Department of Neurosurgery, Johns Hopkins University School of Medicine, Baltimore, Maryland 21237, USA.
Neurosurgery. 2010 Feb;66(2):284-9; discussion 289. doi: 10.1227/01.NEU.0000363405.12584.4D.
The average hospital cost for shunt infection treatment is $50,000, making it the most financially costly implant-related infection in the United States. We set out to determine whether introduction of antibiotic-impregnated shunts (AISs) in our practice has decreased the incidence of shunt infection or decreased infection-related hospital costs at our institution.
Clinical and hospital billing records of pediatric patients undergoing cerebrospinal fluid (CSF) shunt insertion at a single institution from April 2001 to December 2006 were retrospectively reviewed. Eighteen months before October 2002, all CSF shunts included standard, non-AIS catheters. During the 4 years after October 2002, all CSF shunts included AIS catheters. Patients were followed at least 18 months after surgery.

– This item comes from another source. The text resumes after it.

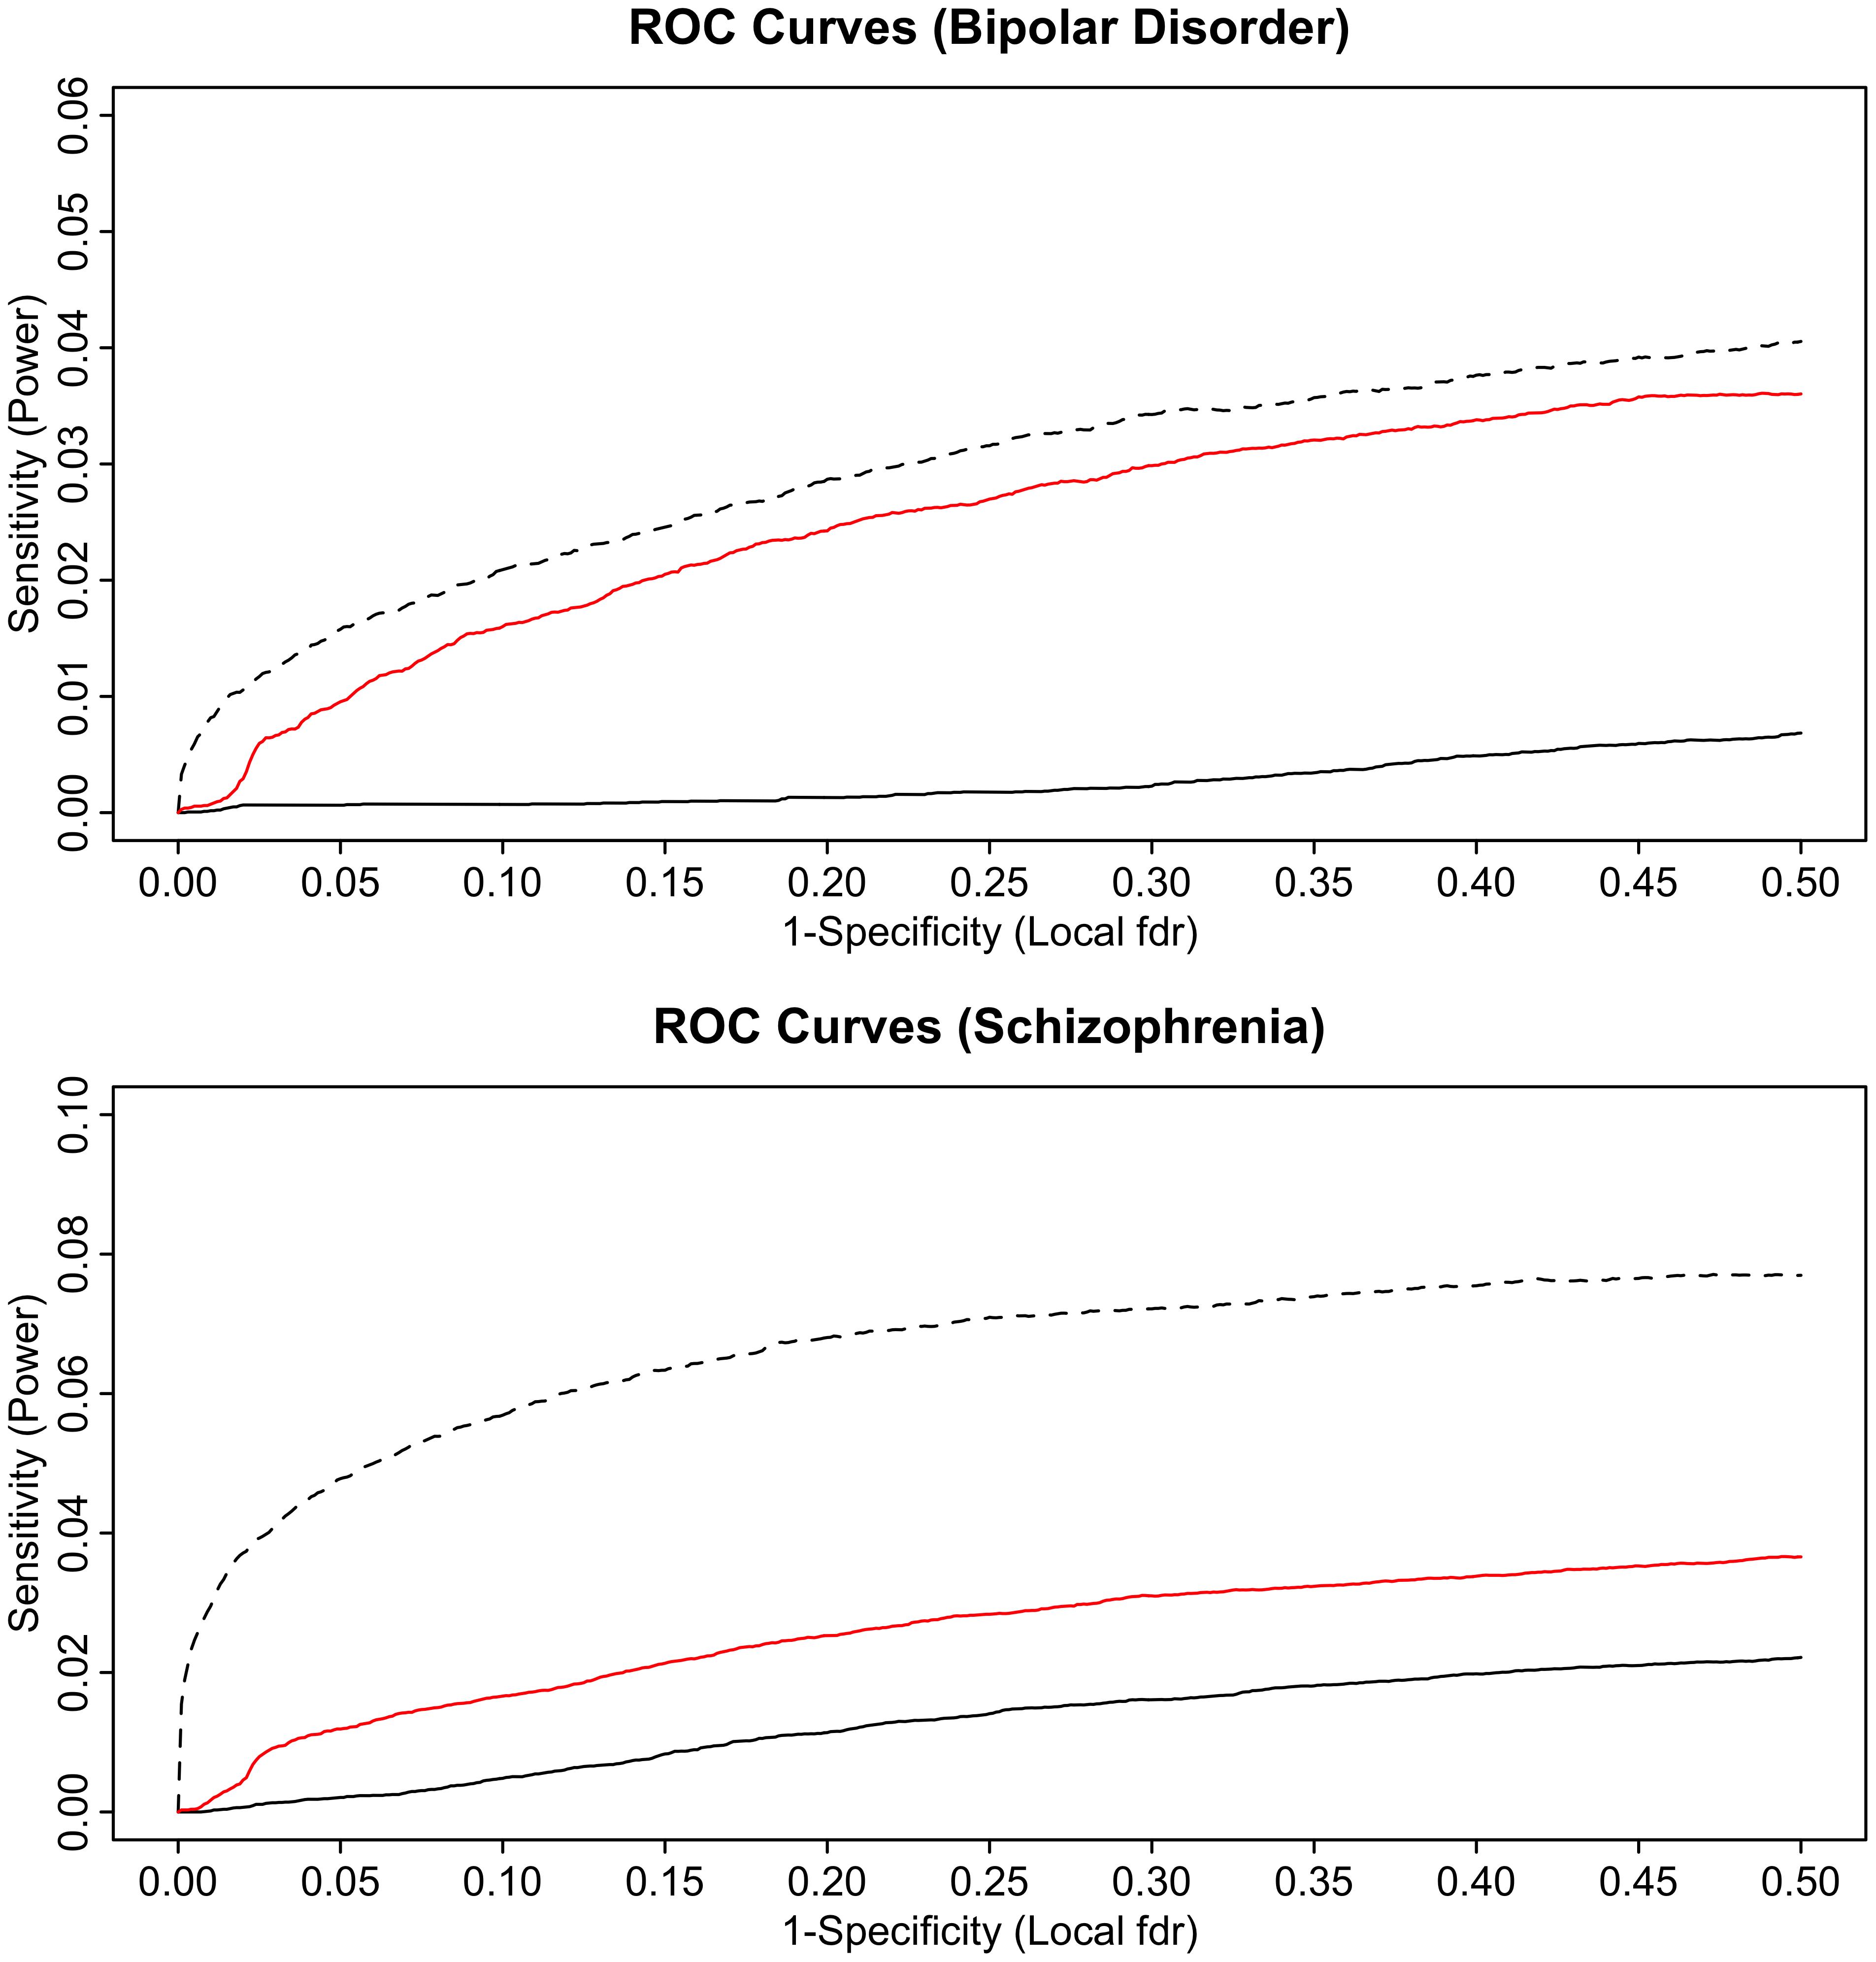 ROC curves for bipolar disorder (top) and schizophrenia (bottom).

A total of 406 pediatric patients underwent 608 shunt placement procedures (400 AISs, 208 non-AISs). Of patients with non-AIS catheters, 25 (12%) experienced shunt infection, whereas only 13 patients (3.2%) with AIS catheters experienced shunt infection during follow-up (P < .001). The total hospital cost to treat 25 non-AIS shunt infections over the first 18 months was $1,234,928. The total hospital cost to treat 13 AIS shunt infections over the past 4 years was $606,328. The mean hospital cost per shunt infection was similar for infected AIS and non-AIS catheters ($46,640 vs. $49,397). However, the infection-related hospital cost per 100 patients shunted was markedly lower in the AIS cohort than in the non-AIS cohort ($151,582 vs. $593,715).
The introduction of AIS catheters in our institutional practice reduced the incidence of shunt infection and resulted in significant hospital cost savings. AIS systems are efficient and cost-effective instruments to prevent perioperative colonization of CSF shunt components.
分流感染治疗的平均医院费用为 50000 美元,使其成为美国最昂贵的与植入物相关的感染。我们旨在确定在我们的实践中引入抗生素浸渍分流器(AIS)是否降低了分流感染的发生率或降低了我们机构的感染相关医院费用。
回顾性分析 2001 年 4 月至 2006 年 12 月在一家机构接受脑脊液(CSF)分流植入术的儿科患者的临床和医院计费记录。在 2002 年 10 月之前的 18 个月中,所有 CSF 分流均包括标准的非 AIS 导管。在 2002 年 10 月之后的 4 年中,所有 CSF 分流均包括 AIS 导管。患者在手术后至少随访 18 个月。
共有 406 名儿科患者接受了 608 次分流术(400 例 AIS,208 例非 AIS)。在使用非 AIS 导管的患者中,有 25 例(12%)发生分流感染,而在使用 AIS 导管的患者中,仅 13 例(3.2%)在随访期间发生分流感染(P<.001)。在前 18 个月内治疗 25 例非 AIS 分流感染的总医院费用为 1234928 美元。过去 4 年中,治疗 13 例 AIS 分流感染的总医院费用为 606328 美元。感染的 AIS 和非 AIS 导管的每例分流感染的平均医院费用相似(46640 美元与 49397 美元)。然而,AIS 组每 100 例分流患者的感染相关医院费用明显低于非 AIS 组(151582 美元与 593715 美元)。
在我们的机构实践中引入 AIS 导管降低了分流感染的发生率,并导致了显著的医院成本节约。AIS 系统是预防 CSF 分流器组件围手术期定植的有效且具有成本效益的工具。